"İçtihat Metni"
MAHKEMESİ : ... Bölge Adliye Mahkemesi 9. Hukuk Dairesi
SAYISI : 2023/3172 E., 2023/1904 K.
İLK DERECE MAHKEMESİ : ... (...) 1. Asliye Hukuk Mahkemesi
SAYISI : 2022/216 E., 2023/478 K.
Taraflar arasındaki alacak davasından dolayı yapılan yargılama sonunda, İlk Derece Mahkemesince davanın usulden reddine karar verilmiştir.
Kararın davacı vekilli tarafından istinaf edilmesi üzerine, Bölge Adliye Mahkemesince davacı vekilinin istinaf başvurusunun esastan reddine karar verilmiştir.

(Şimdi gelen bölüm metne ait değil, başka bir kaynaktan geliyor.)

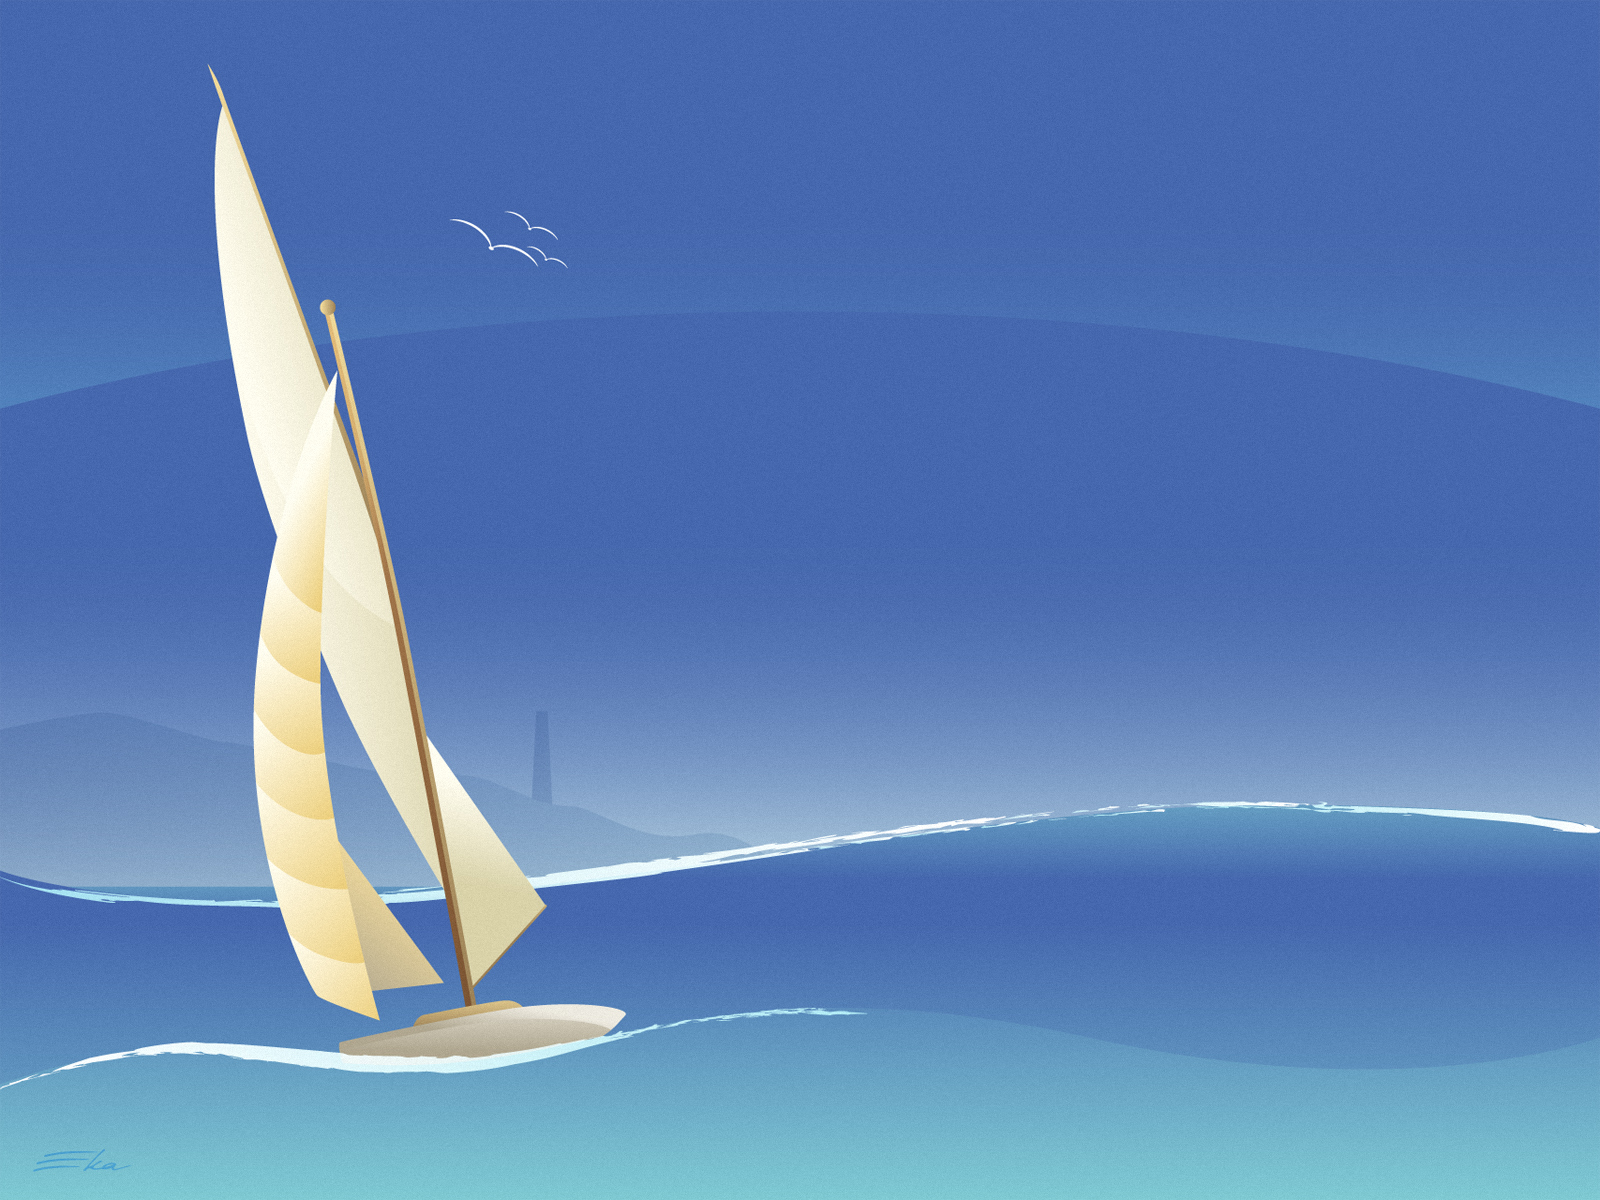  and Wallpaper   Sailing in Blue by ekster   Always Free Download

Bölge Adliye Mahkemesi kararı davacı vekili tarafından temyiz edilmekle; yapılan ön inceleme sonucunda gereği düşünüldü:
Miktar veya değeri kesinlik sınırını geçmeyen davalara ilişkin nihai kararlar, 6100 ... Hukuk Muhakemeleri Kanunu'nun 362 nci maddesi uyarınca temyiz edilemez. Temyize konu edilen miktarın kesinlik sınırının altında kalması hâlinde anılan Kanun’un 366 ncı maddesi atfıyla aynı Kanun’un 352 nci maddesinin birinci fıkrasının (b) bendi uyarınca temyiz dilekçesinin reddine karar vermek gerekir.

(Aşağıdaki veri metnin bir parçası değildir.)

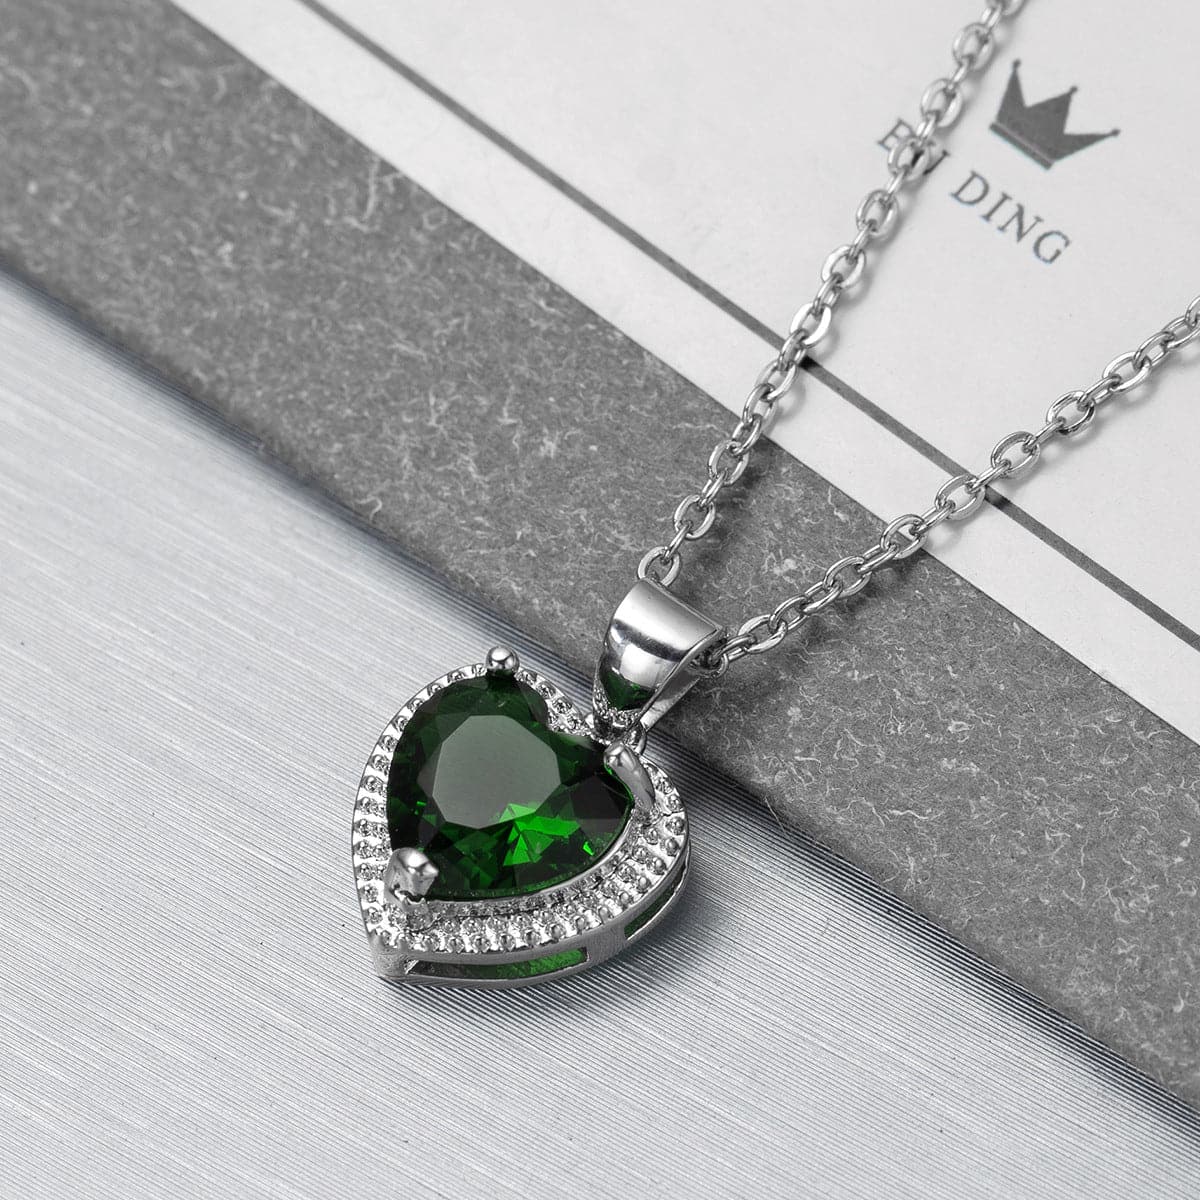 Green Crystal & Silver-Plated Heart Pendant Necklace

Dosya içeriğine göre; iddia edilen ücret ve çalışma süresi ile talep edilen alacaklar dikkate alındığında reddedilen ve temyize konu edilen miktar, Bölge Adliye Mahkemesinin karar tarihi itibarıyla kesinlik sınırı olan 238.370,00 TL’nin altında kalmaktadır.
KARAR
Açıklanan sebeple;
Davacı vekilinin temyiz dilekçesinin miktardan REDDİNE,
Peşin alınan temyiz harcının istek hâlinde ilgiliye iadesine,
Dosyanın İlk Derece Mahkemesine, kararın bir örneğinin Bölge Adliye Mahkemesine gönderilmesine,
21.03.2024 tarihinde oy çokluğuyla karar verildi.
K A R Ş I O Y
Somut uyuşmazlıkta açılan dava İlk Derece Mahkemesince dava şartı yokluğu (yargı yolunun caiz olmaması) gerekçe gösterilerek esası incelenmeden usulden reddedilmiş, davacının istinaf talebi sonrasında da Bölge Adliye Mahkemesi tarafından başvurunun esastan reddine karar verilmiştir. İlk Derece Mahkemesinin ret kararı usule ilişkin olduğu için bu aşamada reddedilen bir miktardan söz etmek mümkün değildir. Hâl böyle olunca kararın miktar bakımından kesinliğinden söz etmek de mümkün değildir. Açıklanan nedenle yargı yolunun caiz olmadığı yönündeki saptamanın doğruluğunun irdelenmesi, bir başka ifadeyle bu aşamada uyuşmazlığa bakma görevinin adli yargıya mı yoksa idari yargıya mı ait olduğuyla sınırlı inceleme yapılması gerektiği şeklindeki kanaatim nedeniyle, sayın çoğunluğun kararın miktar bakımından temyiz edilemez kararlardan olduğu şeklindeki görüşüne katılmıyorum.